Back in 1990 there was one refrigerator for every 100 households in China, rural China. Now there's over 30. Washing machines went from nine to 49. Now it's probably 50 or 55. Computers they've hardly the surface. They've got a long, long way to go.

Bicycles are down. Back in 1990 there was over one for 100 households - over 100 for 100 households, over 100, 118 to be exact. Now it's 98. Why? Because they're buying motorcycles and automobiles. And you see the sales of Chinese cars across the past that of the US. And the same thing is true in India. Domestic automobile sales are going through the roof, and in Indonesia motorcycle sales going through the roof.

So it's a great, great market to be in when you see that kind of growth. And if you're in the beer business beer consumption is going up in China and all these other countries, spirits, Maotai, whiskey, brandy, so forth. I was explaining to our European audiences when I was speaking there last month I said, "Maotai is the drink that they give to foreign diplomats before negotiations begin." Wine [they keep all], well know that the wine consumption is going up pretty fast. Of course Internet is growing at a very past pace in these countries.

The other theme is commodities. I know there's a lot of doubters who say, Oh God, oil prices coming down and so forth and so on. Sure, there's going to be a lot of fluctuation, but the trend is definitely up.

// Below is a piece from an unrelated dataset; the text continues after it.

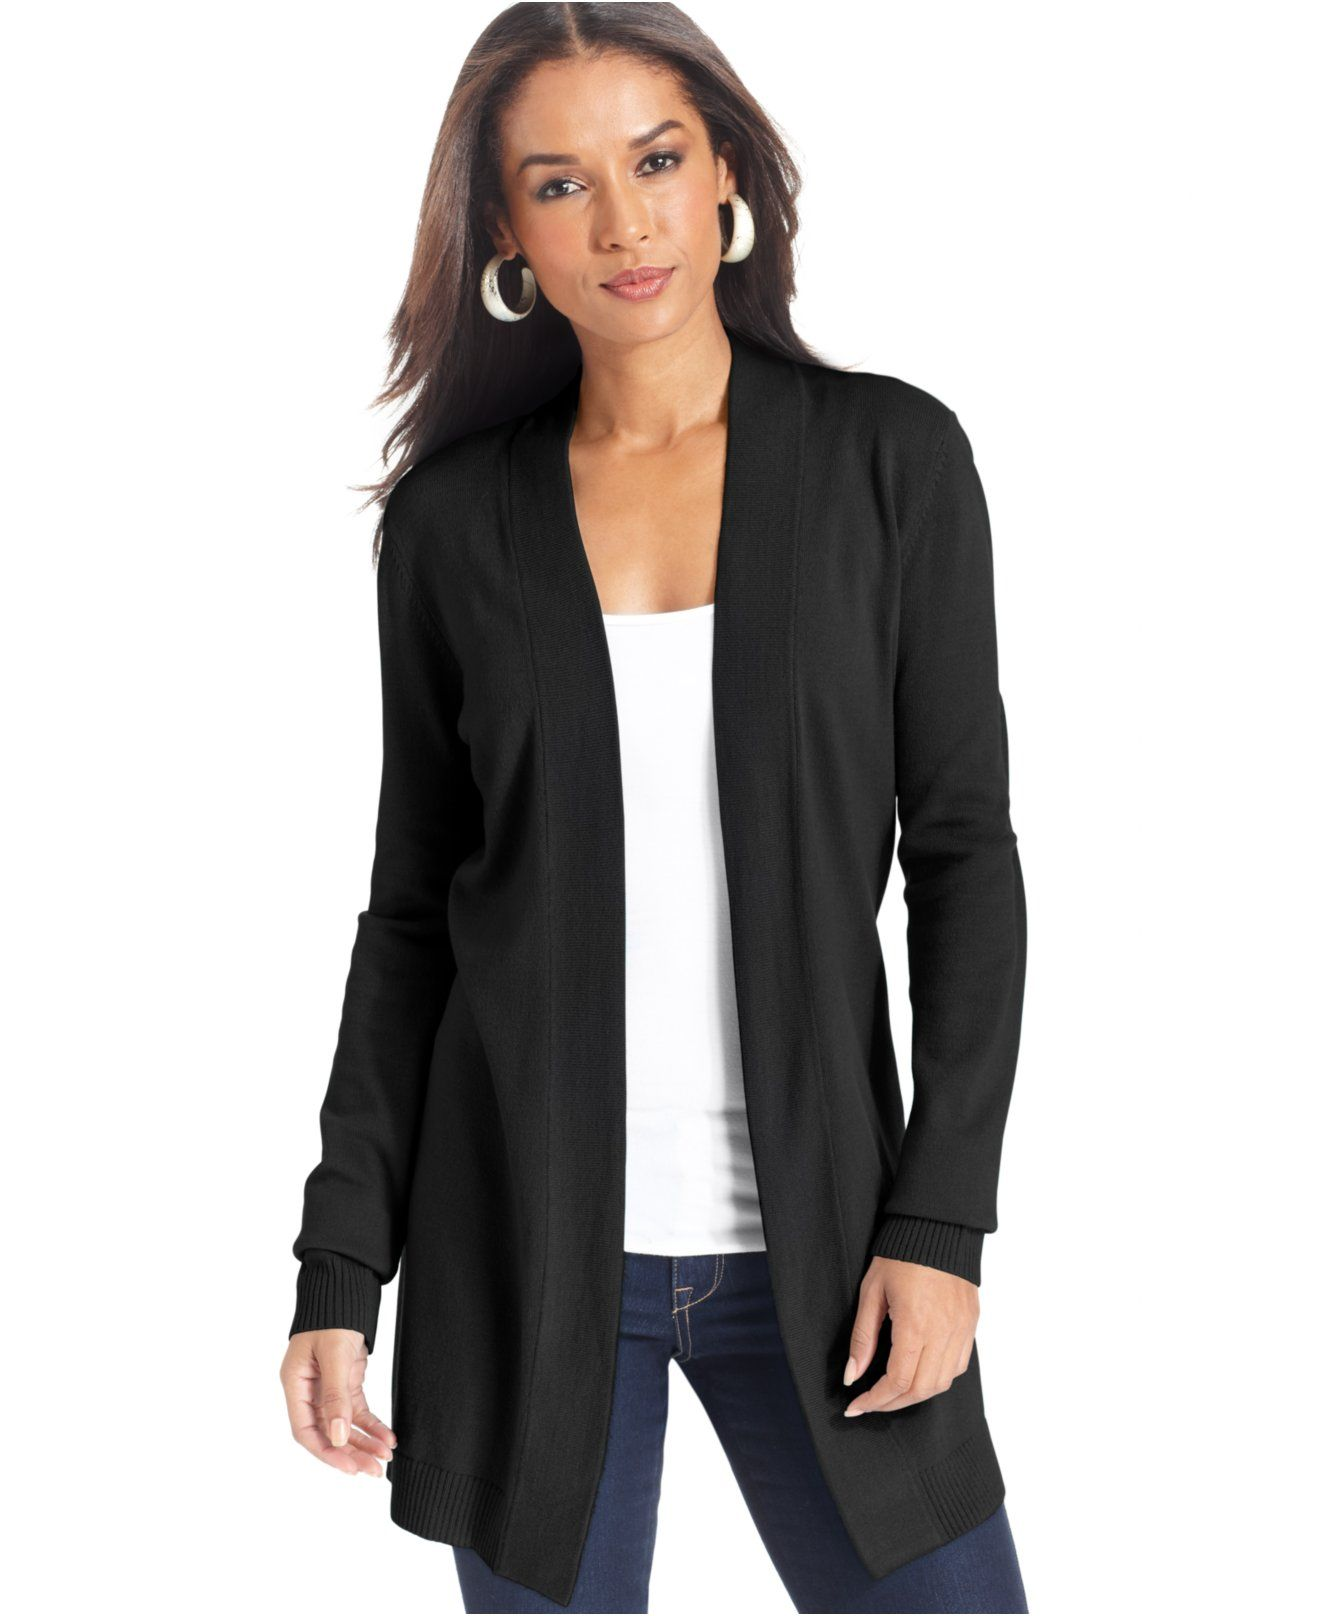 Down xsmall sale macys womens sweaters size

If you look at the Commodity Research Bureau index you can see, yes, it overshoots that red trend line, but the trend is definitely up for all commodities, copper way up.

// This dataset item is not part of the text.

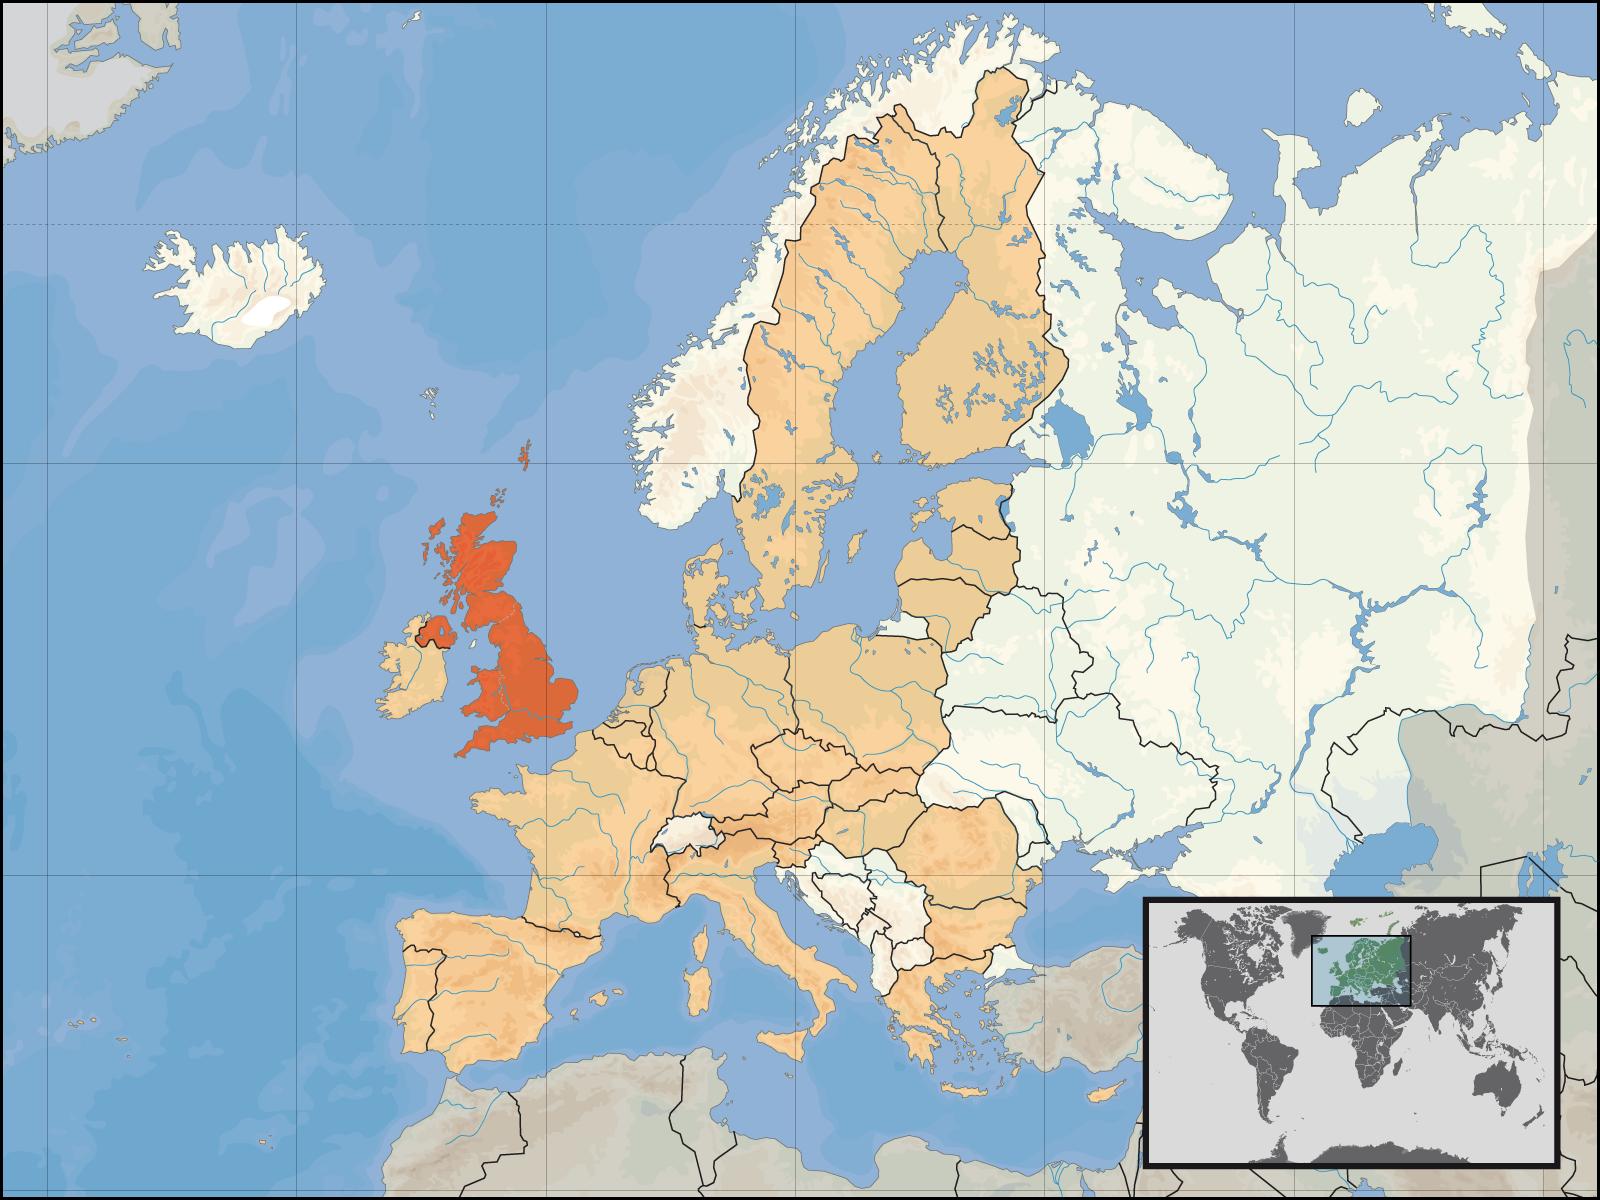 Atlas Map Of England.Atlas Of The United Kingdom Wikimedia Commons

By the way you see if you - you have to appreciate the difficulty of getting this stuff out of the ground. You heard it was last year they had these miners in Chile who were trapped in the mine deep underground.

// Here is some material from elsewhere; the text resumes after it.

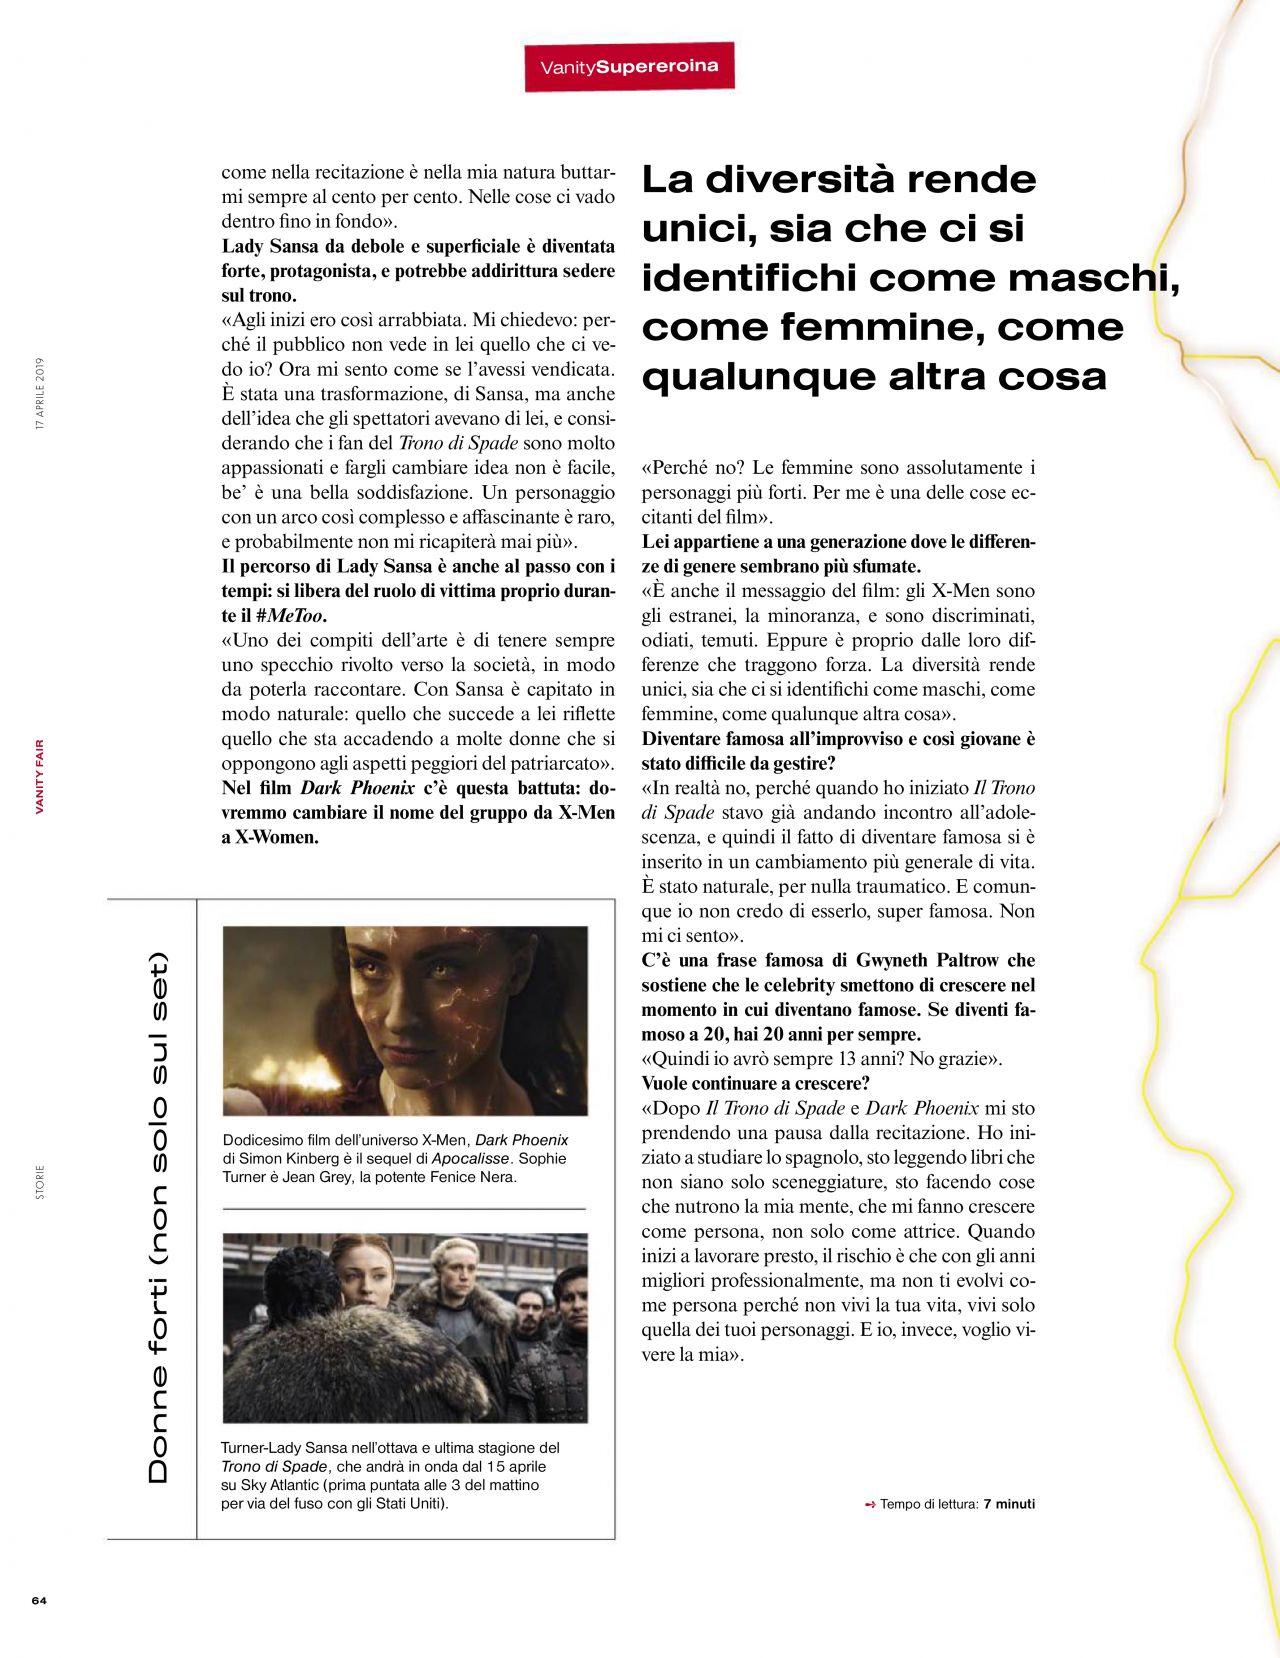 Sophie Turner - Vanity Fair Magazine Italy April 2019

I remember earlier this year we went to Kazakhstan to a mine in the middle of the country. It took us two hours to fly to this place. I was with my two young analysts who had never been into a mine. And we were given a briefing by the safety engineer. Of course we had all the gear, and oxygen or [nesnic]. And I asked the safety engineer, "Have you had any accidents this year?" He said, "Yes, only 11." And these two analysts looked [iddy]. And I said, "Any guess the question is [fee]"

This is mining. This is the difficulty of getting this stuff out of the ground. So the cost is not going to go down, believe me.

Platinum, we need platinum hand plated for every automobile for the catalytic converters. Nickel, stainless steel, corn, now all these top commodities are moving up, sugar, soy beans. Soy beans were first cultivated in China. Now they have to import.

Gold, and recently I'm sure you've read about diamond prices now are moving up versus store value. Interesting to know that of course there's a relationship between the dollar index going down and gold prices going up. And if you look at per capita income in China and the relationship between that and gold it's very, very clear. And the same thing is true of India, per capital income going up, gold prices going up.